In 1994, Fox canceled the series and ended its run on Fox Kids on September 4, 1994, but it soon began airing in reruns on Cartoon Network (which Turner launched to showcase its large animation library, including the original Tom and Jerry) in 1995, and ended in 2007 when the show was removed from the Cartoon Network schedule and moved to its sister channel Boomerang. However, it made a brief return to the Cartoon Network airwaves on June 4, 2023, during a marathon consisting on other Tom and Jerry shows. In the MENA region, an Arabic-language version of the show was broadcast on Spacetoon from July 13, 2000, to December 31, 2004.

==Home media==
In 1991, 12 episodes were put on two VHS cassettes in the United States, although only a few million copies were made. Eleven VHS cassettes were released in the United Kingdom. The series was released on DVD in Germany by Kinowelt Home Entertainment on July 11, 2008, as the first official DVD release. In 2010, the episode Flippin' Fido was included in the Deluxe Anniversary Collection DVD set with the original opening and closing titles restored, different from TV airing versions.

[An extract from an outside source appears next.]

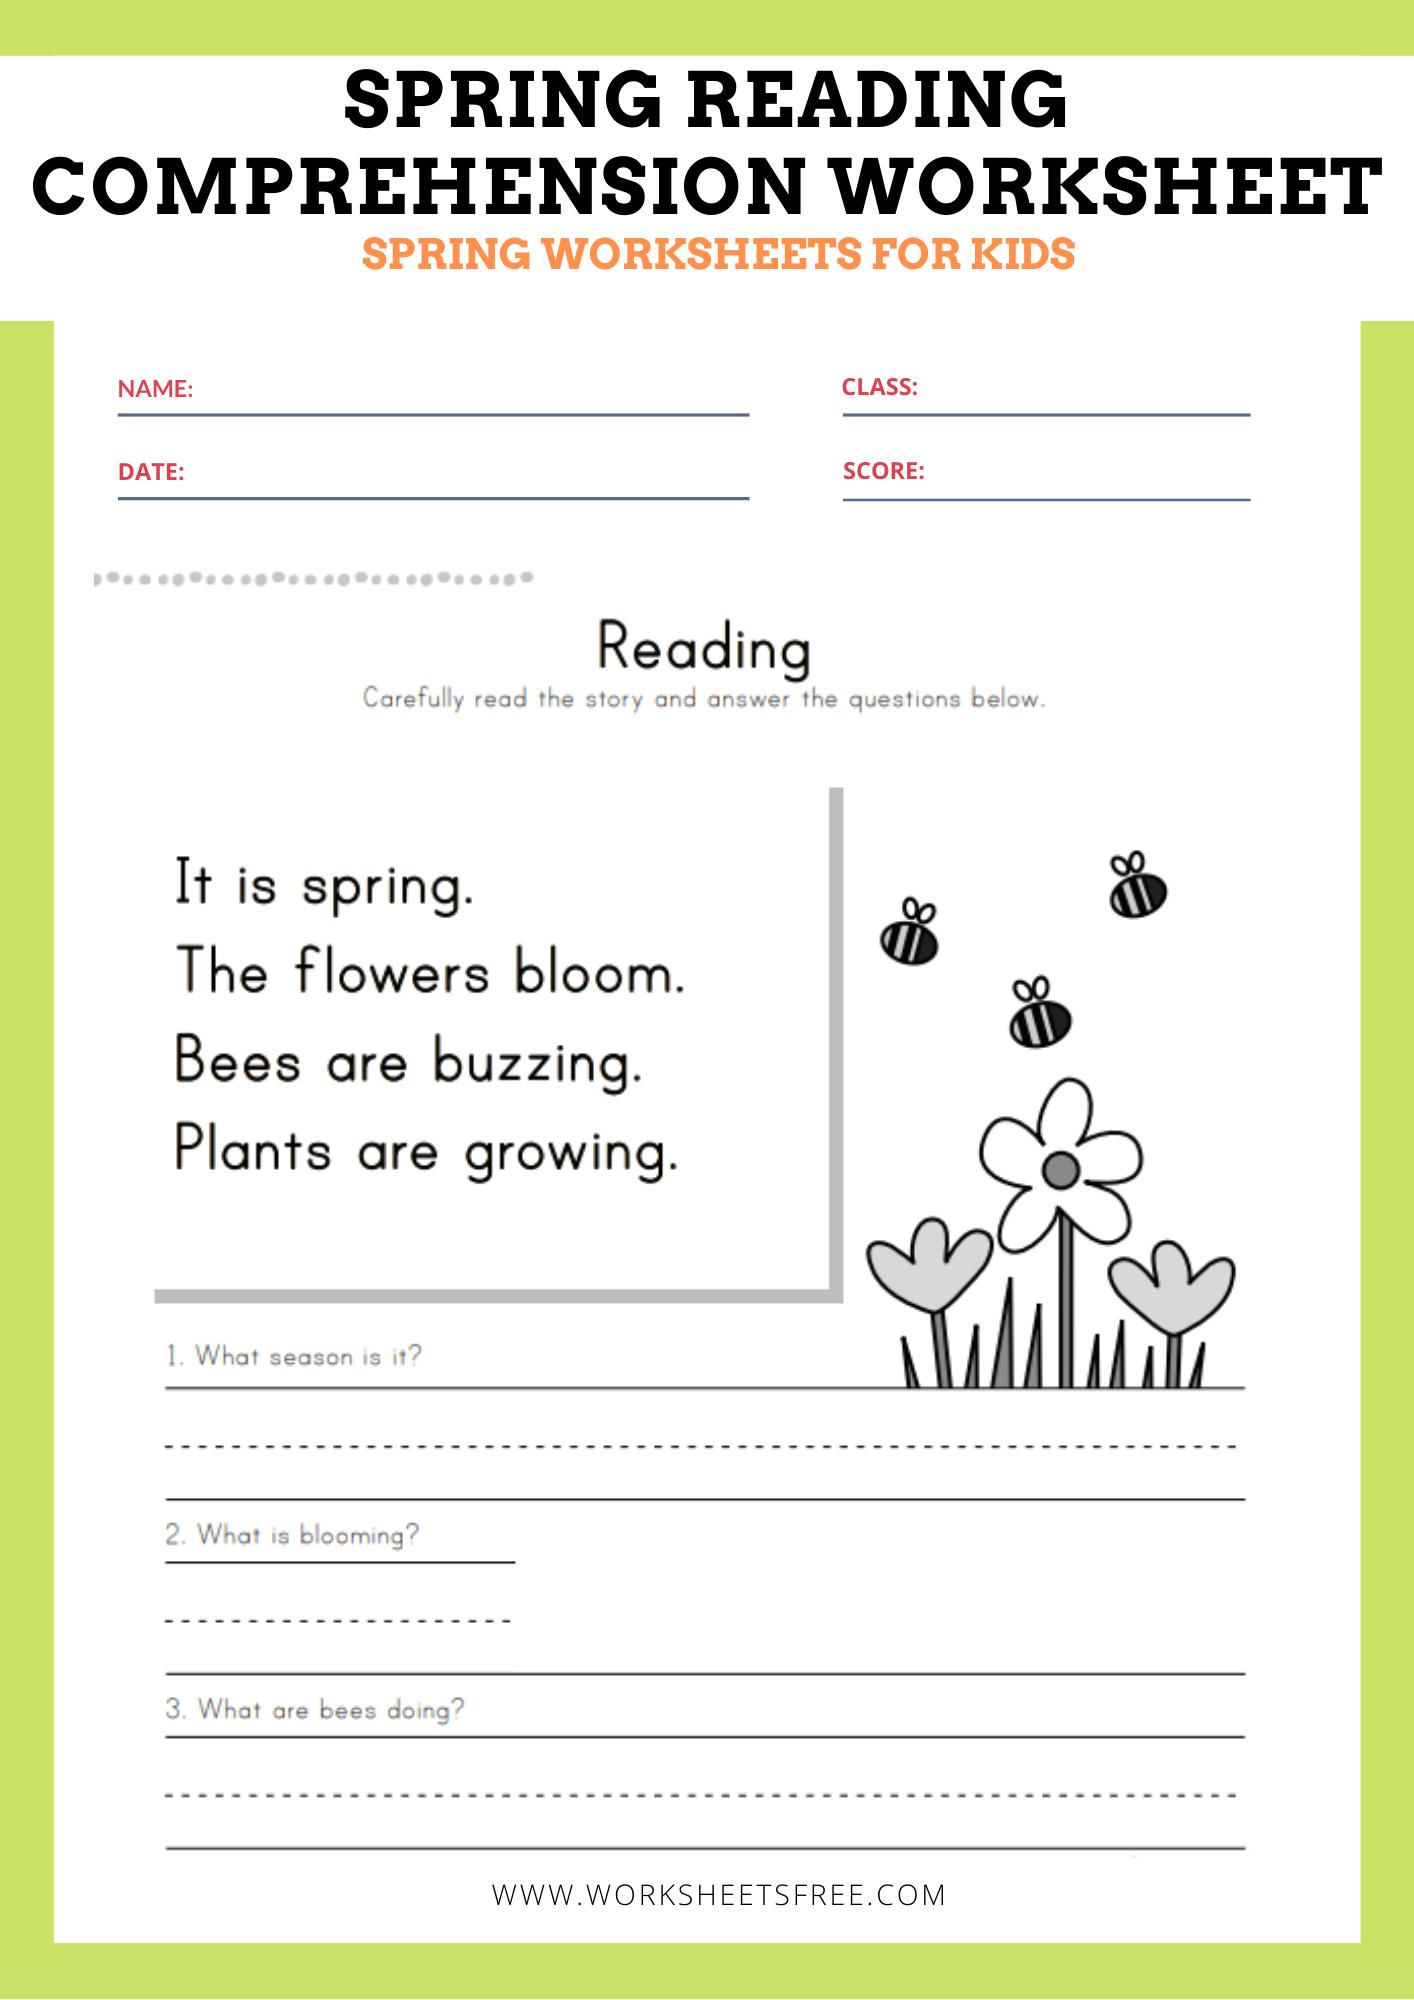 Spring Reading Comprehension Worksheet

On April 30, 2013, Warner Home Video released the first season of the show on DVD for the first time. The remaining 3 seasons have yet to see a DVD release. In the United Kingdom, Season One was released as 2 separate DVDs on August 12, 2013, under the titles Baby Tom and Jerry, as part of WB's Big Faces range. Like the U.S. release of Season One, Baby Tom includes the first seven half-hour episodes, while Baby Jerry includes the remaining 6 episodes.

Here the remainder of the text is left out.